Copy the data exactly, pictures aside.

DATA SECTION:
____________

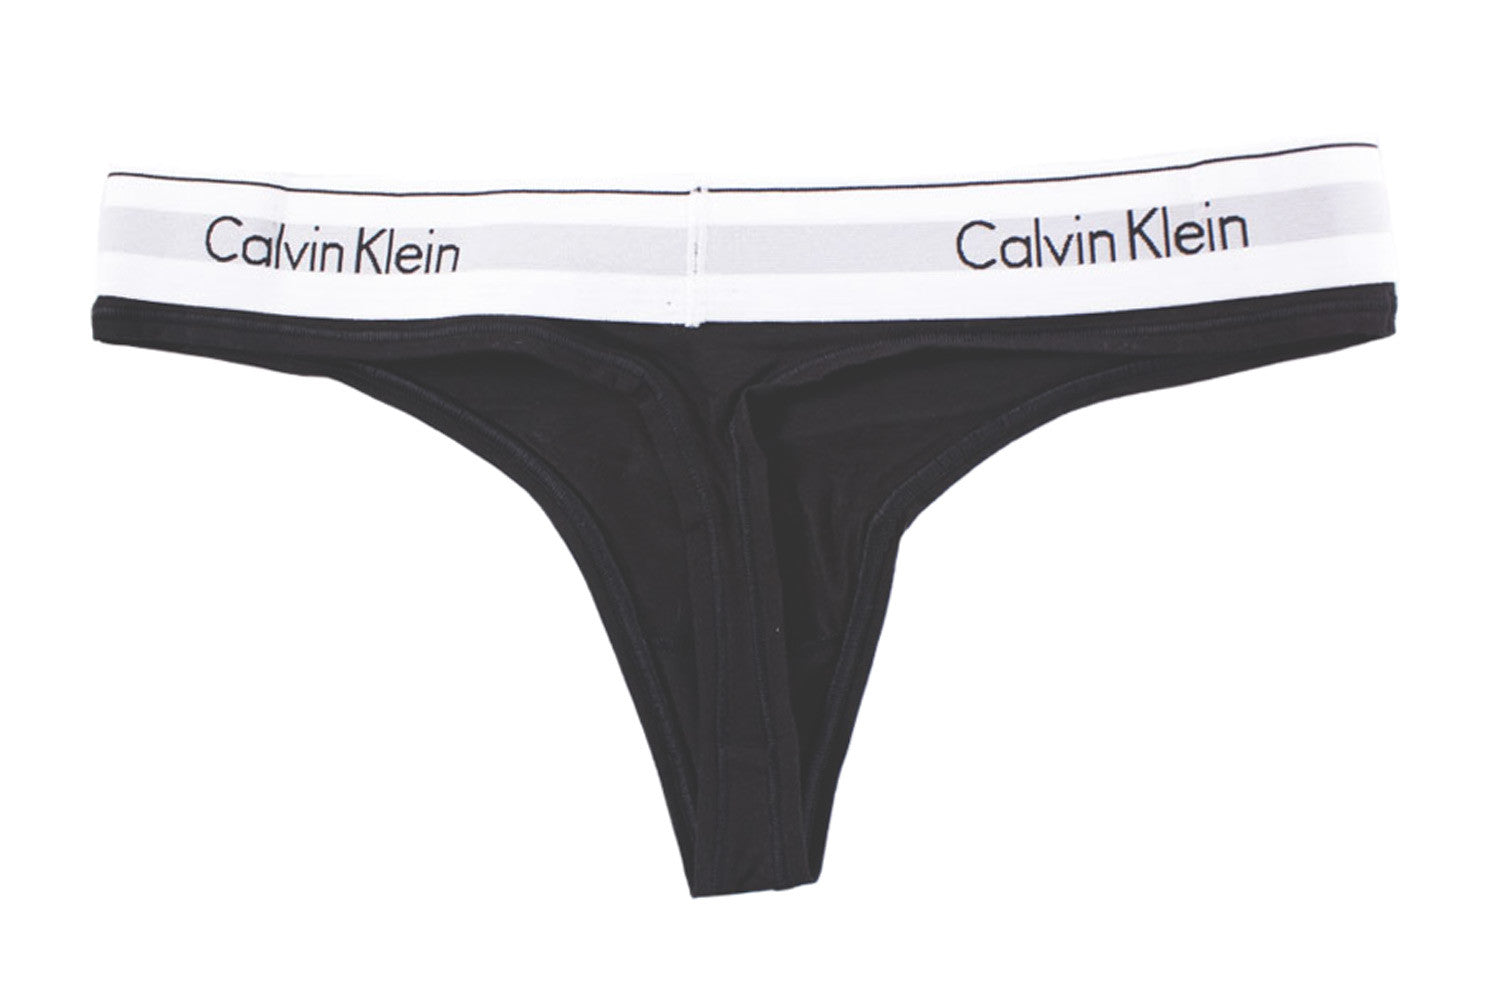 Calvin Klein Underwear Intimo Donna
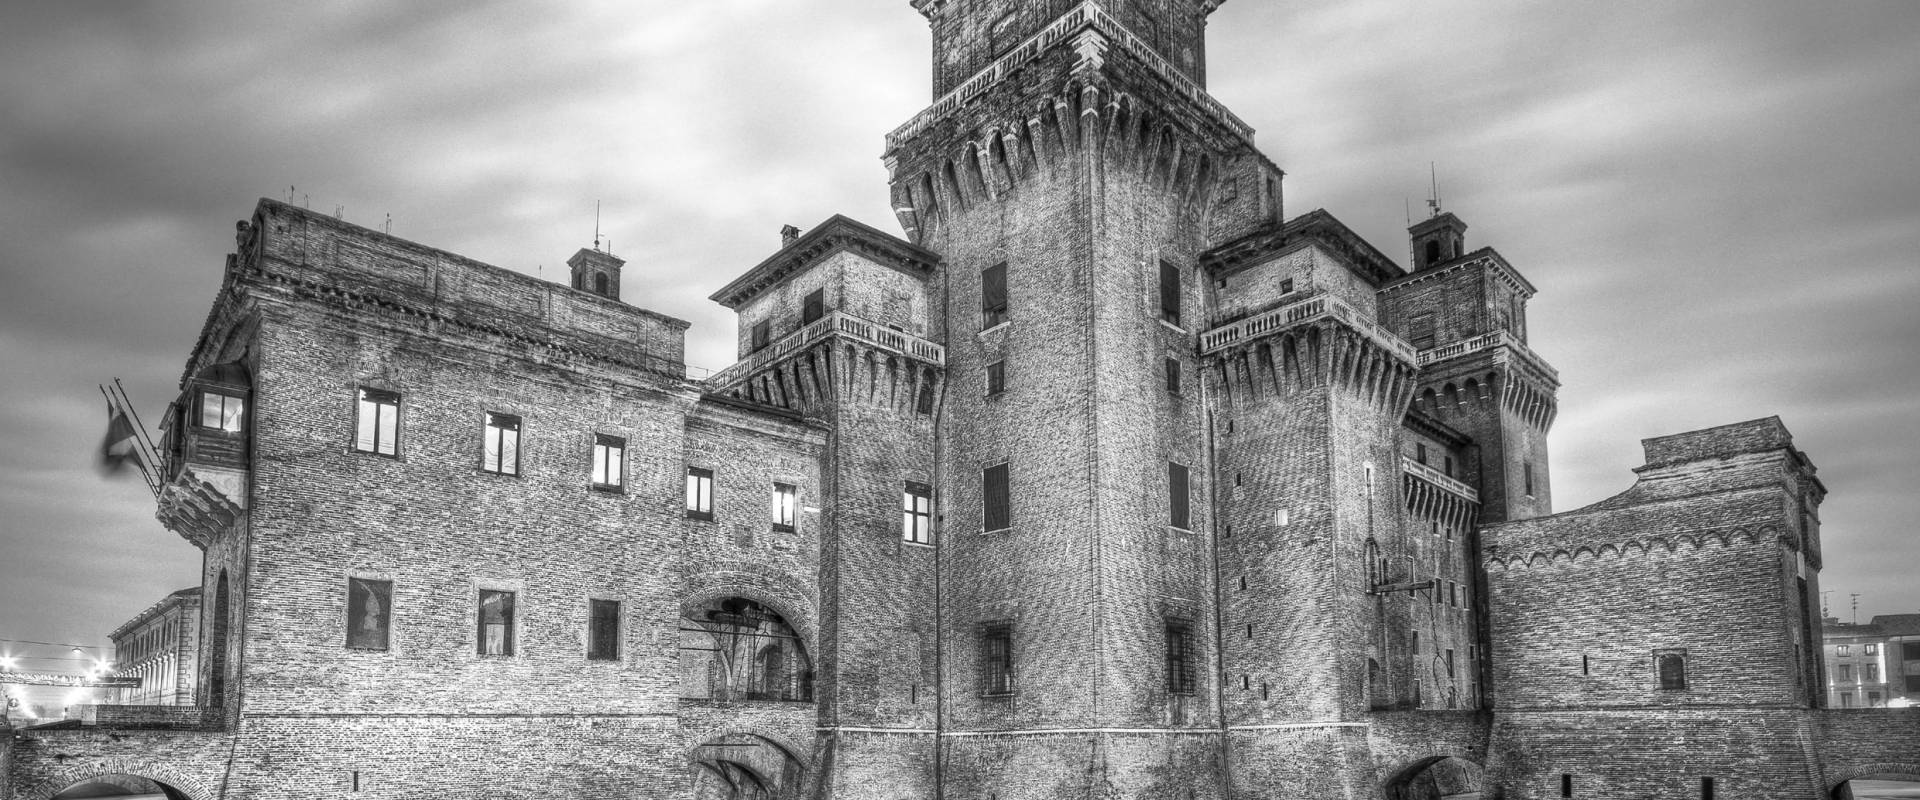 Impresso nella Storia - Castello Estense foto di Nbisi
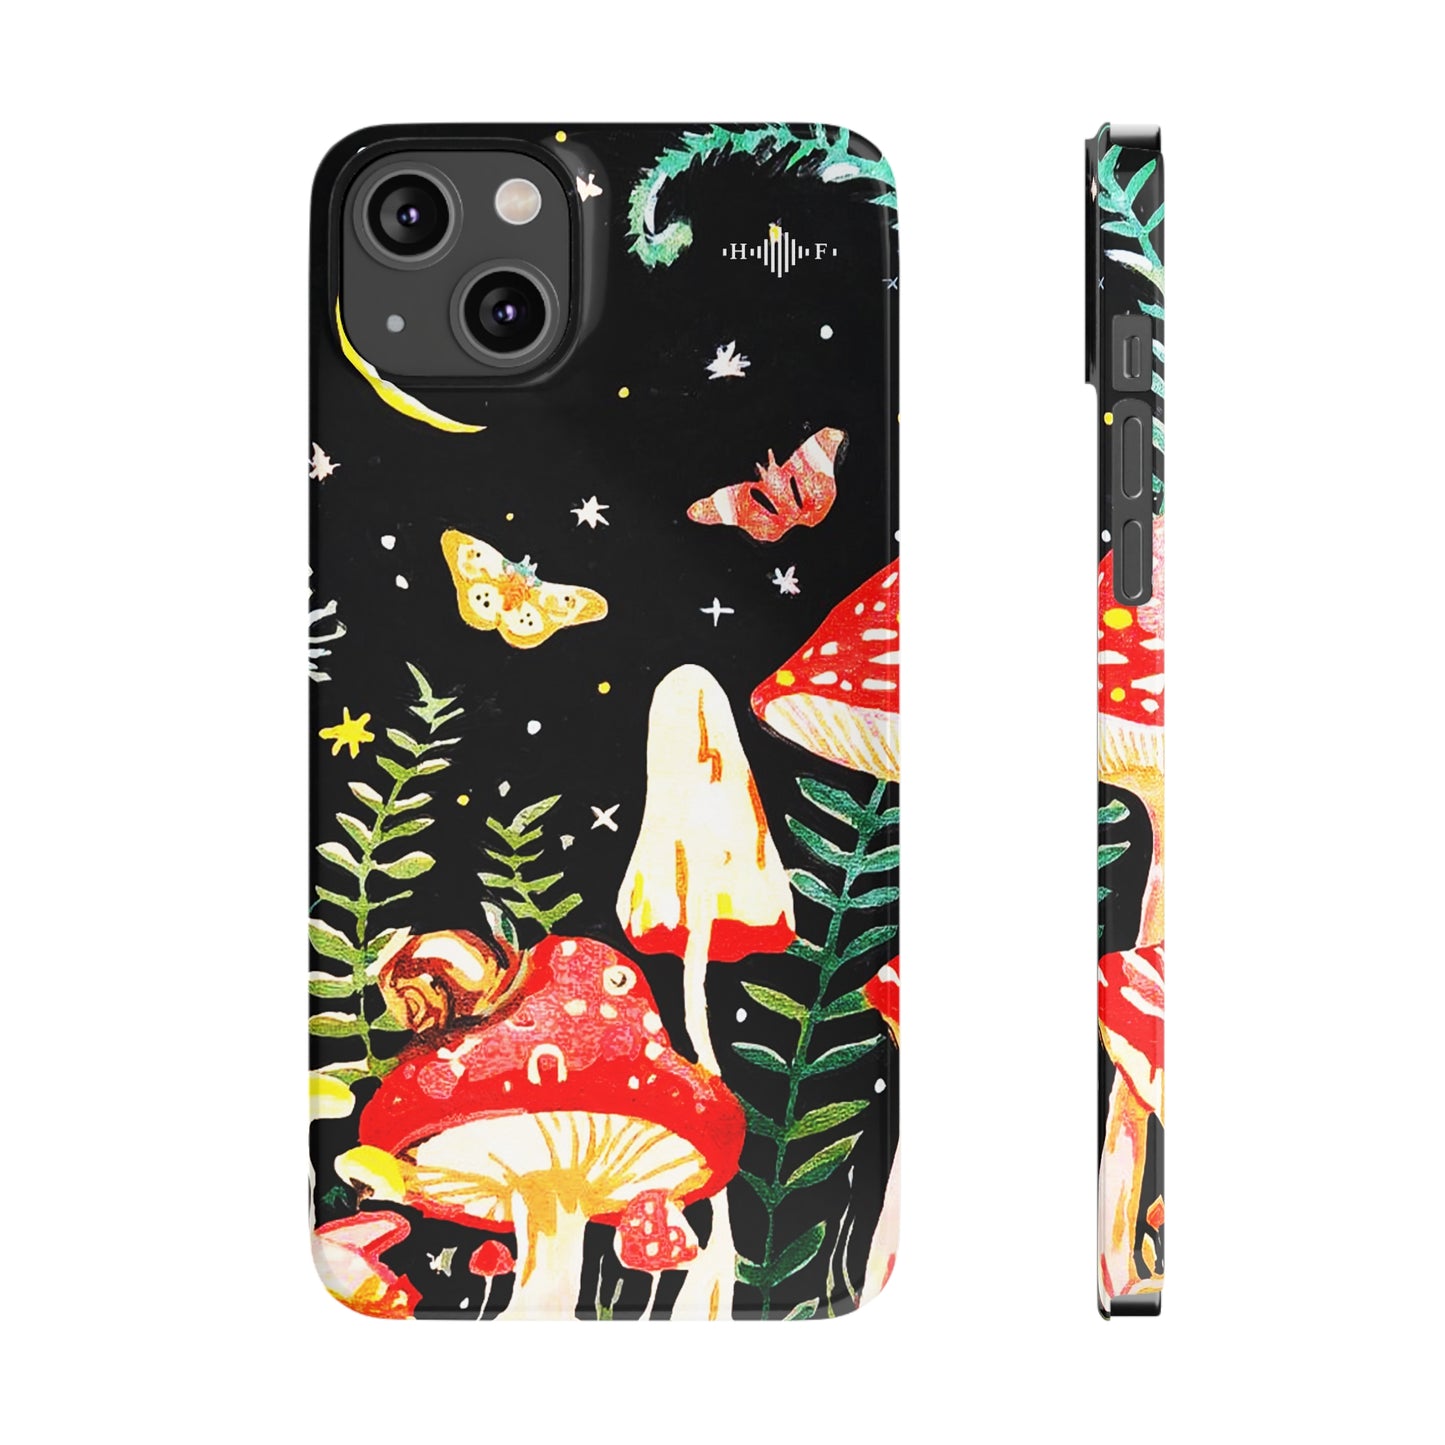 Mushroom Nights Slim Phone Cases

____________

SOLUTION TO THIS PROBLEM:
 Calvin Klein Underwear Intimo Donna
 Impresso nella Storia - Castello Estense foto di Nbisi
 Mushroom Nights Slim Phone Cases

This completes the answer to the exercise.